A study from Washington University School of Medicine finds that gut bacteria affect tau accumulation commonly seen in Alzheimer's disease
Gut bacteria in Alzheimer's diseases
The gut microbiome influence Alzheimer’s progression | Representative Image | Shutterstock

Efforts to unravel the gut-brain relationship have broadened the horizons for understanding and finding potential treatment options for several neurological conditions. A new study from the Washington University School of Medicine, USA, has sought to examine this relationship further on how the gut microbiome affects the degenerative process in Alzheimer’s disease.

In their experiments on mice, the researchers noticed significant changes in the characteristics of Alzheimer’s disease when they altered the bacteria in the guts of the mice.

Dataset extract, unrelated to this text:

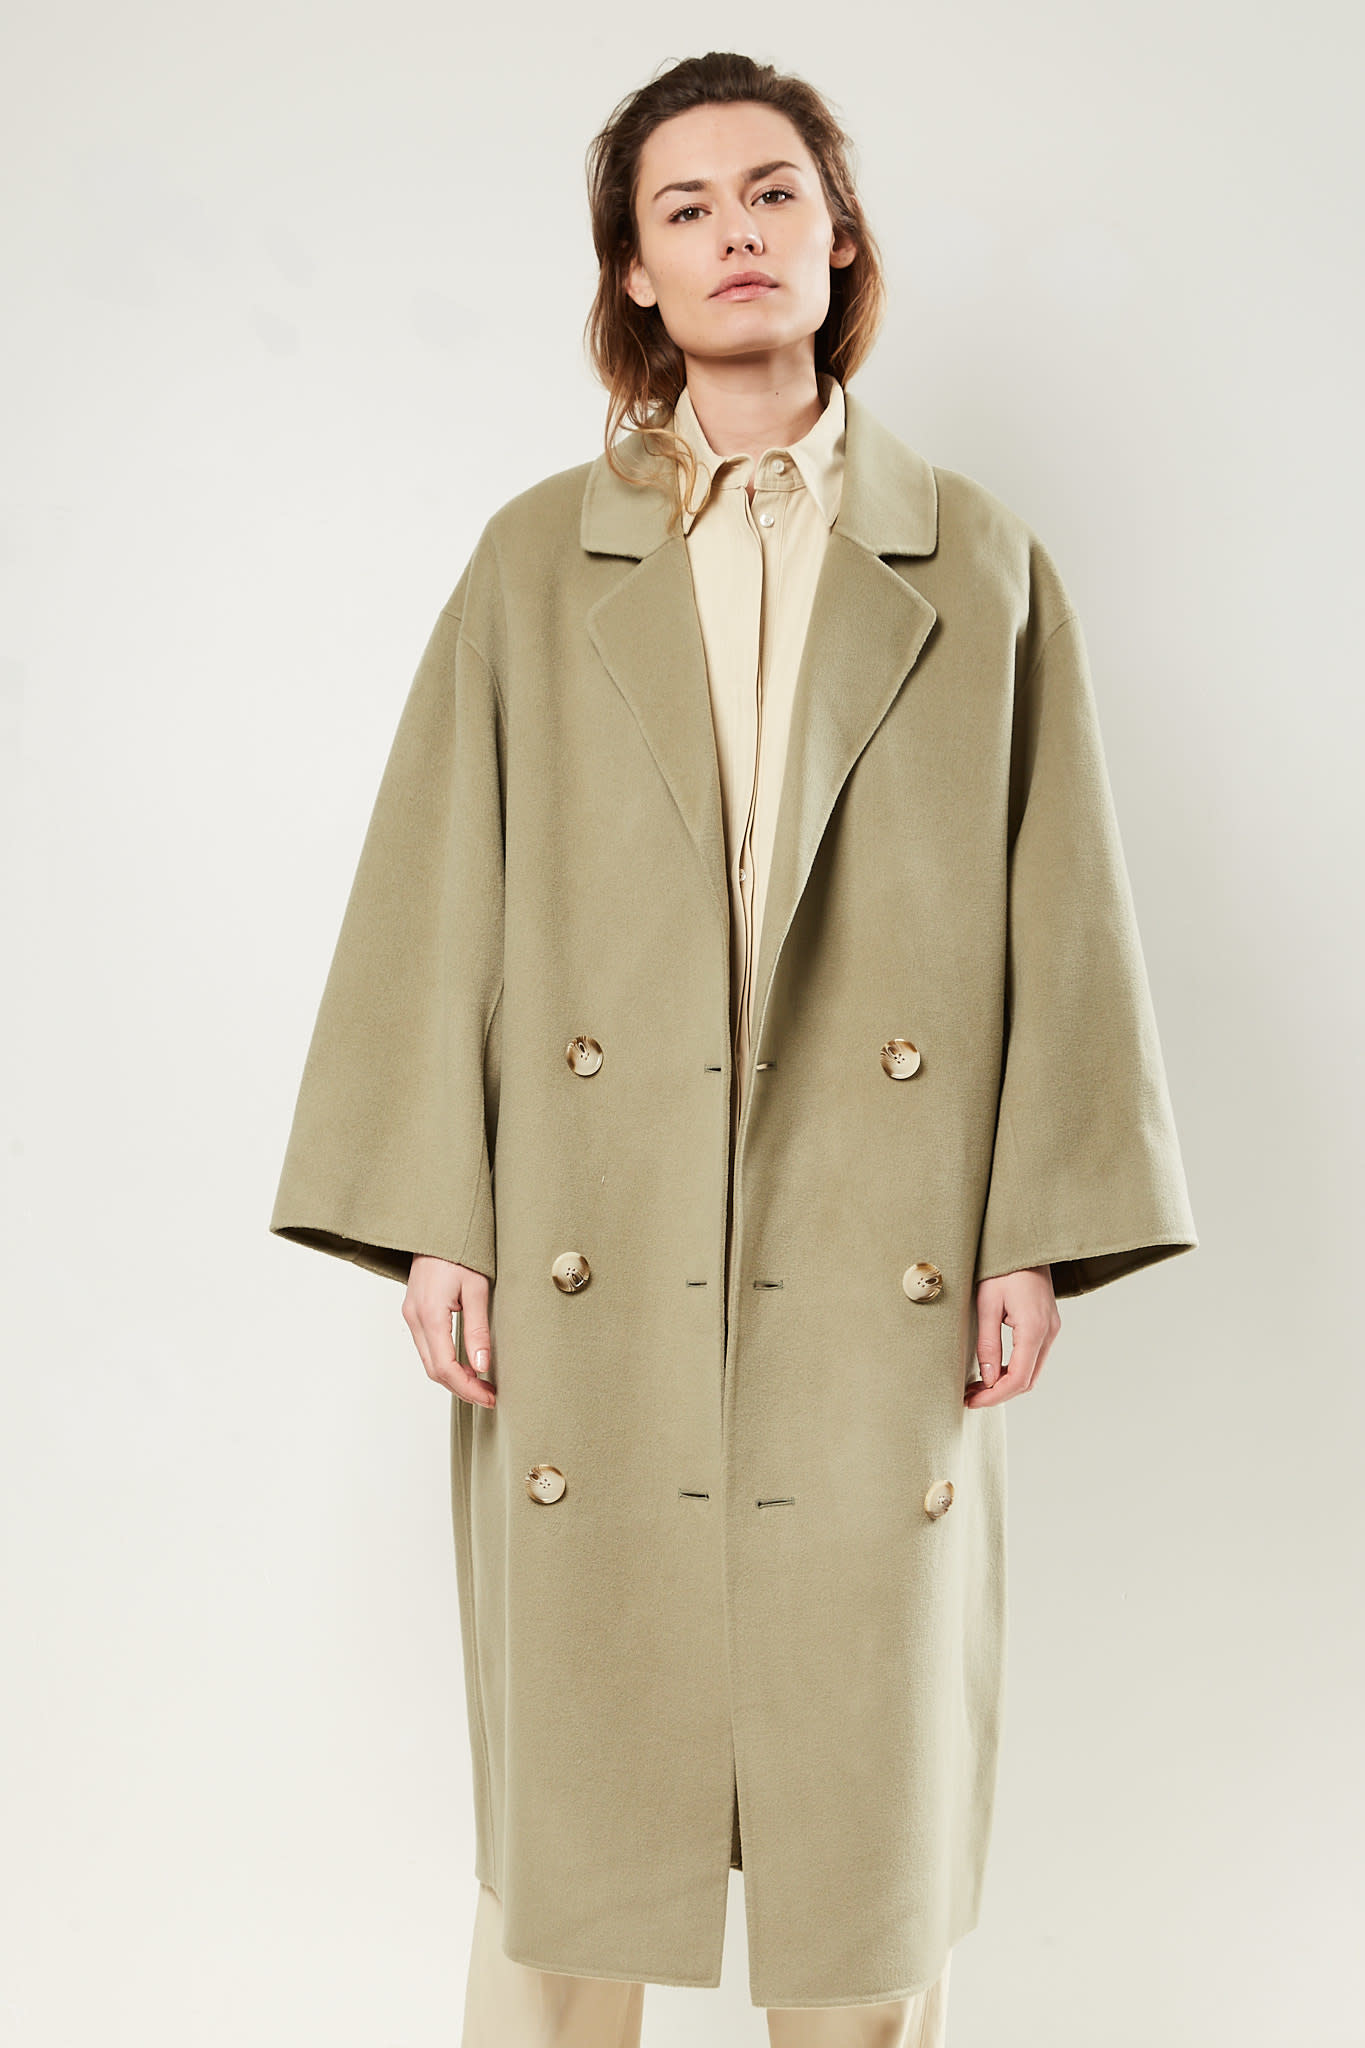 loulou studio - Borneo wool cashmere coat
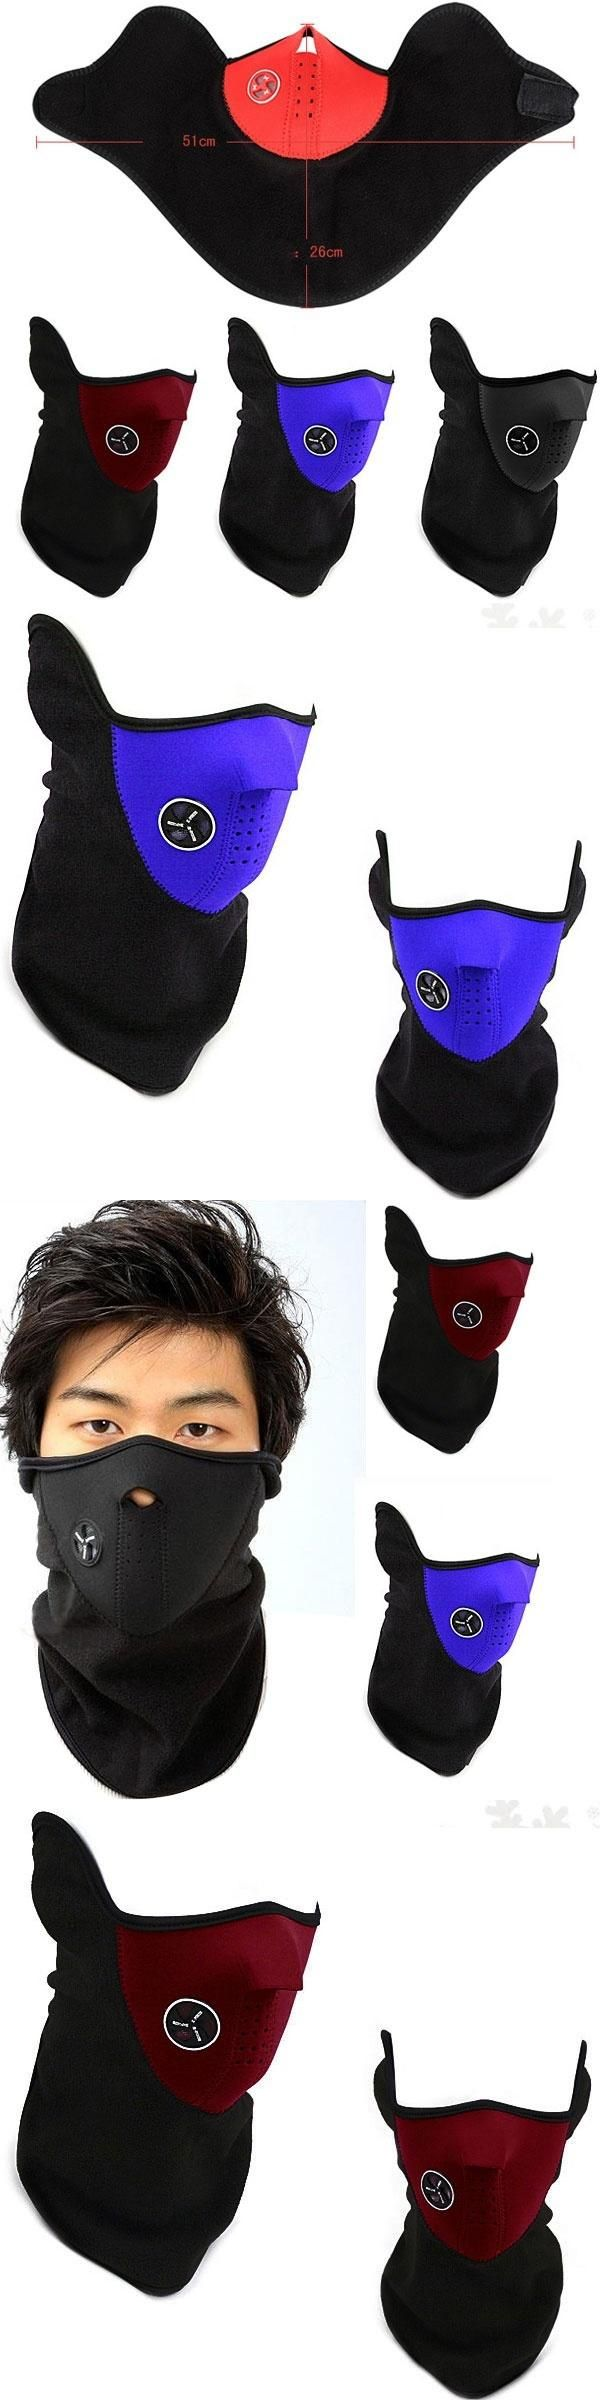 2017 Fashion Winter Unisex Winter Warm Half Face Mask Cover Neck Guard Scarf CS Sheld Ski Cycling Fashion Accessories

“When we either remove the bacteria that live in the intestines or modify them, it can strongly protect brain damage like that seen in Alzheimer’s disease,” David M Holtzman, professor of neurology at the Washington University School of Medicine and the study’s corresponding author, tells Happiest Health.

In Alzheimer’s disease, there is sequential build-up of two types of toxic proteins in the brain: amyloid beta followed by complex tau threads. A build-up of the tau protein causes the neuron to shrink and eventually die, manifesting as cognitive decline.

Gut, brain and the APOE4

Studies have found an interplay between the gut microbiome and a key Alzheimer-risk gene called APOE4. APOE genes carry the information that makes a protein called apolipoprotein E which in the brain is responsible for maintaining the health of the neurons. APOE4 specifically drives the tau to pile up by influencing inflammation in the brain.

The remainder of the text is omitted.